*EXERCISE OBJECTIVE*:
Copy the listing below letter for letter, passing over each picture.

*INFORMATION PROVIDED*:

-- Opening Marker --

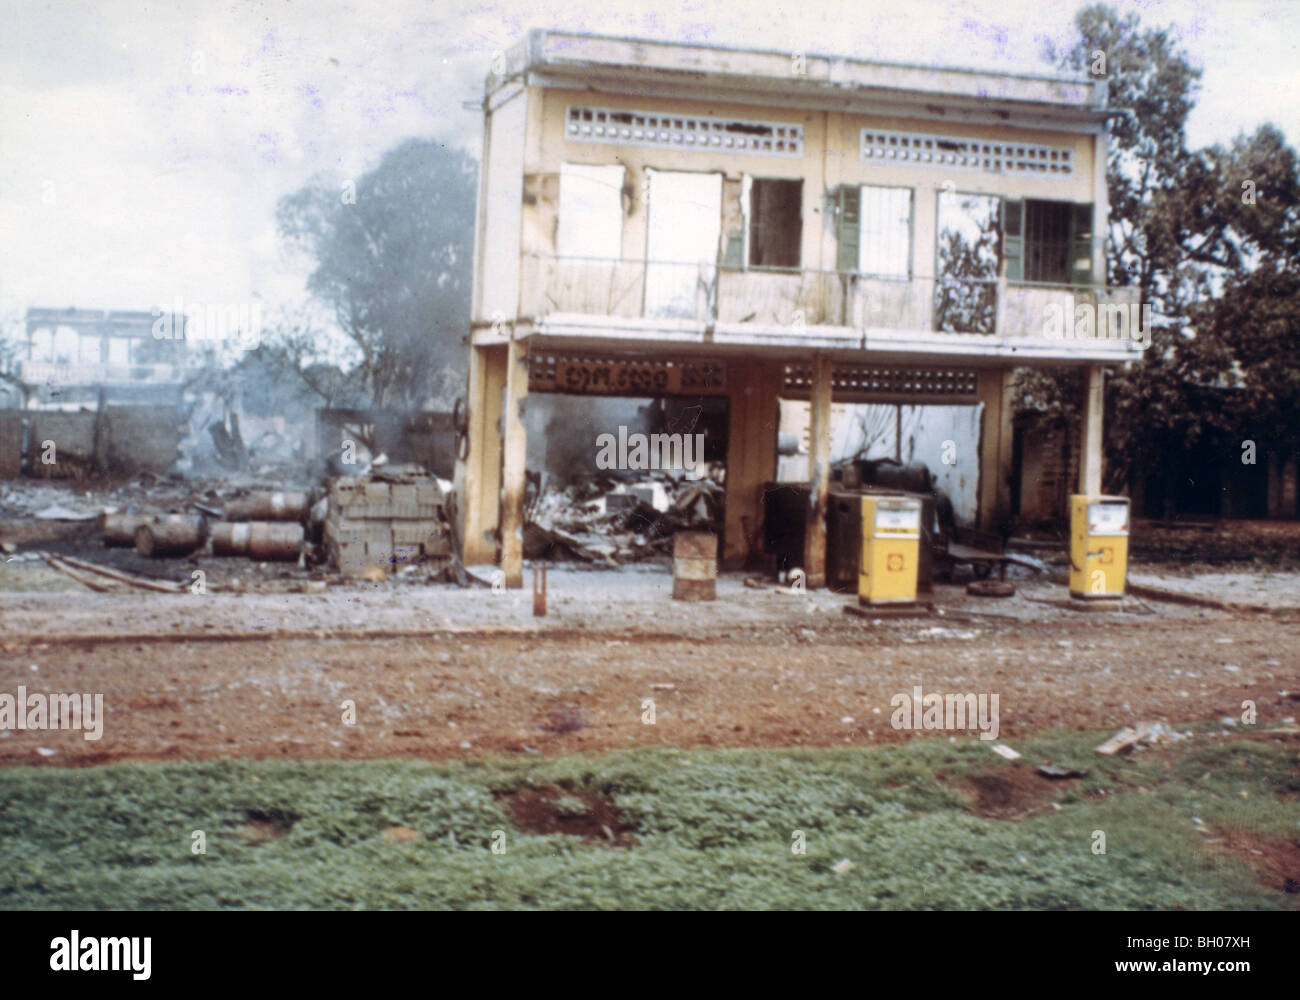 Snoul, kambodschanischen Shell-Tankstelle in Schutt und Asche nach Mai 1970 Invasion. 11th armored Cavalry Regiment sicherte sich das Gebiet mit APC M113. Stockfoto
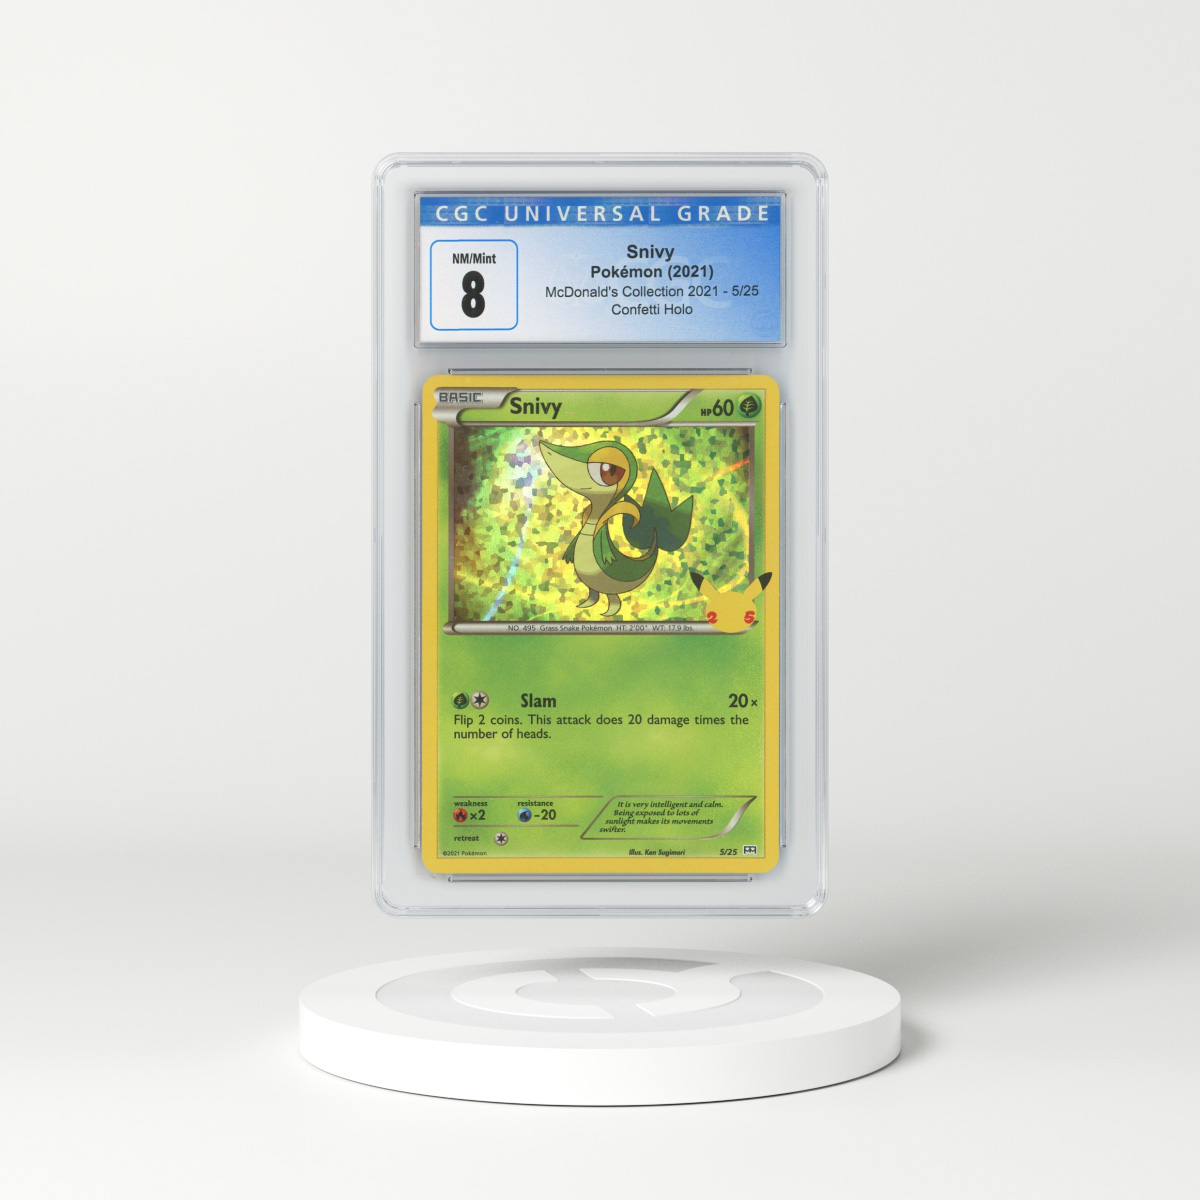 Pachirisu - Diamond & Pearl #35 Pokemon Card
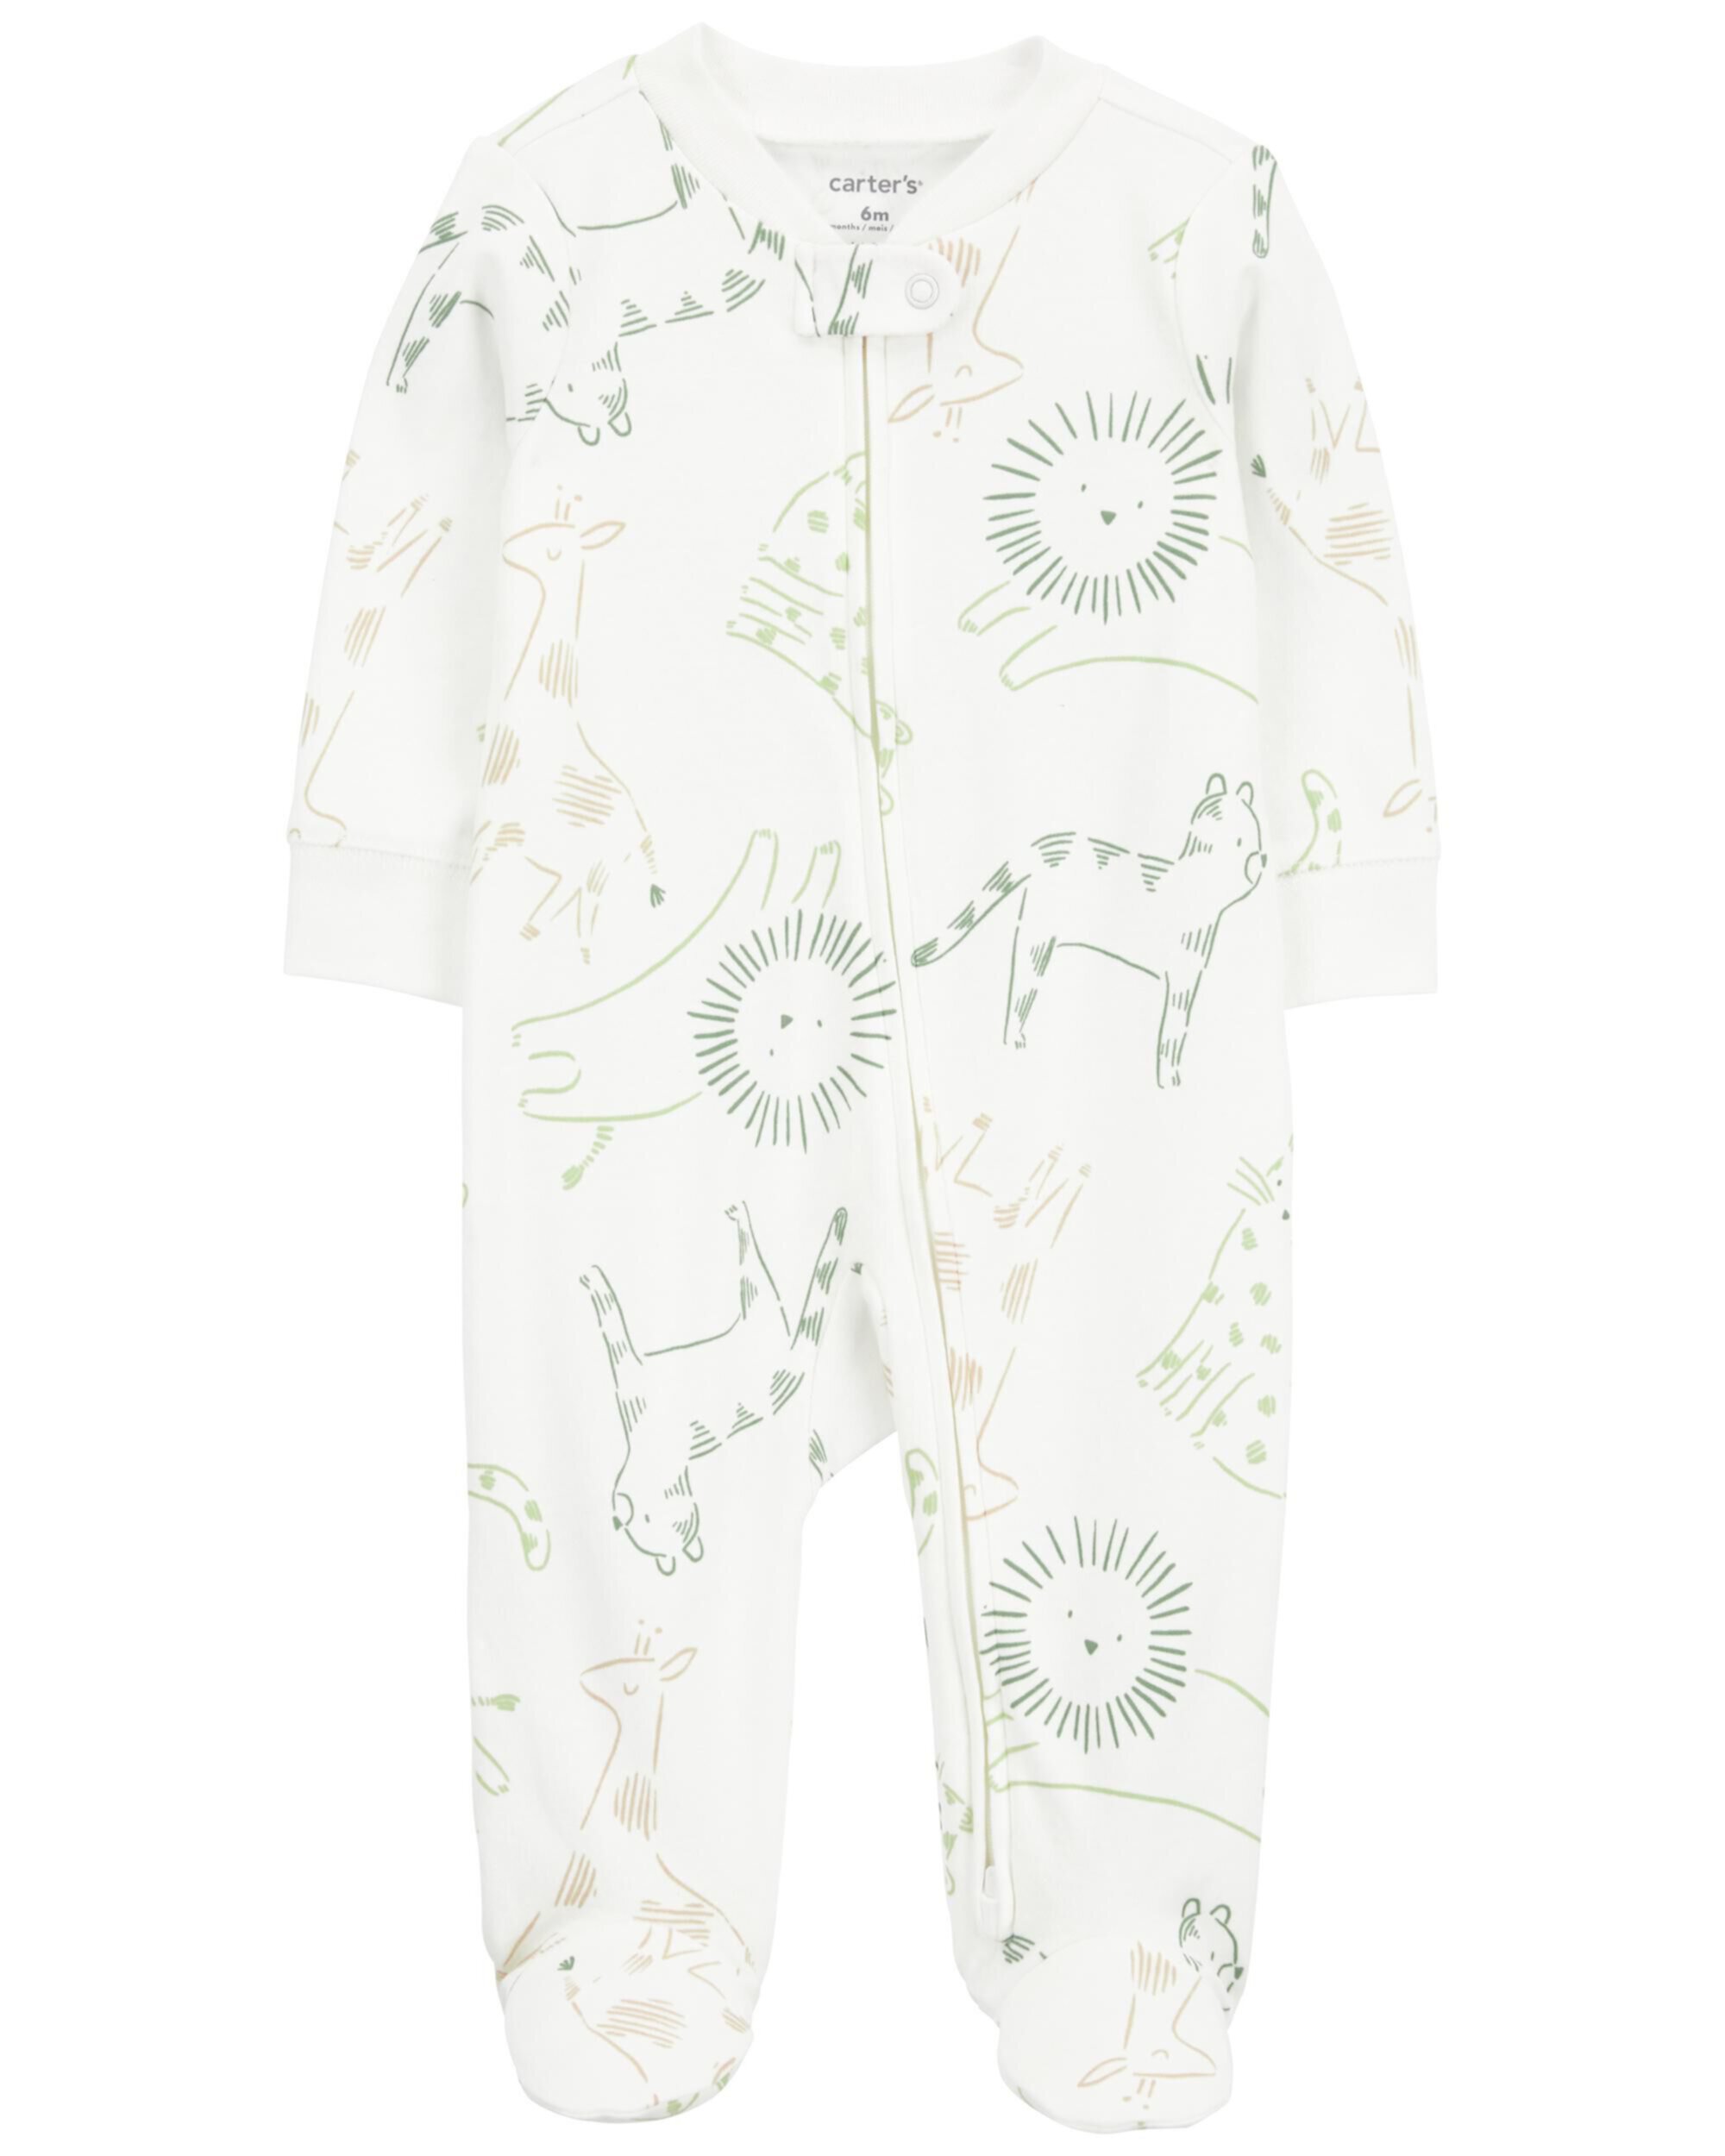 Хлопковая пижама для сна и игр на молнии с принтом животных для малышей Carter's

-- Closing Marker --

*WRITTEN ANSWER*:
 Snoul, kambodschanischen Shell-Tankstelle in Schutt und Asche nach Mai 1970 Invasion. 11th armored Cavalry Regiment sicherte sich das Gebiet mit APC M113. Stockfoto
 Pachirisu - Diamond & Pearl #35 Pokemon Card
 Хлопковая пижама для сна и игр на молнии с принтом животных для малышей Carter's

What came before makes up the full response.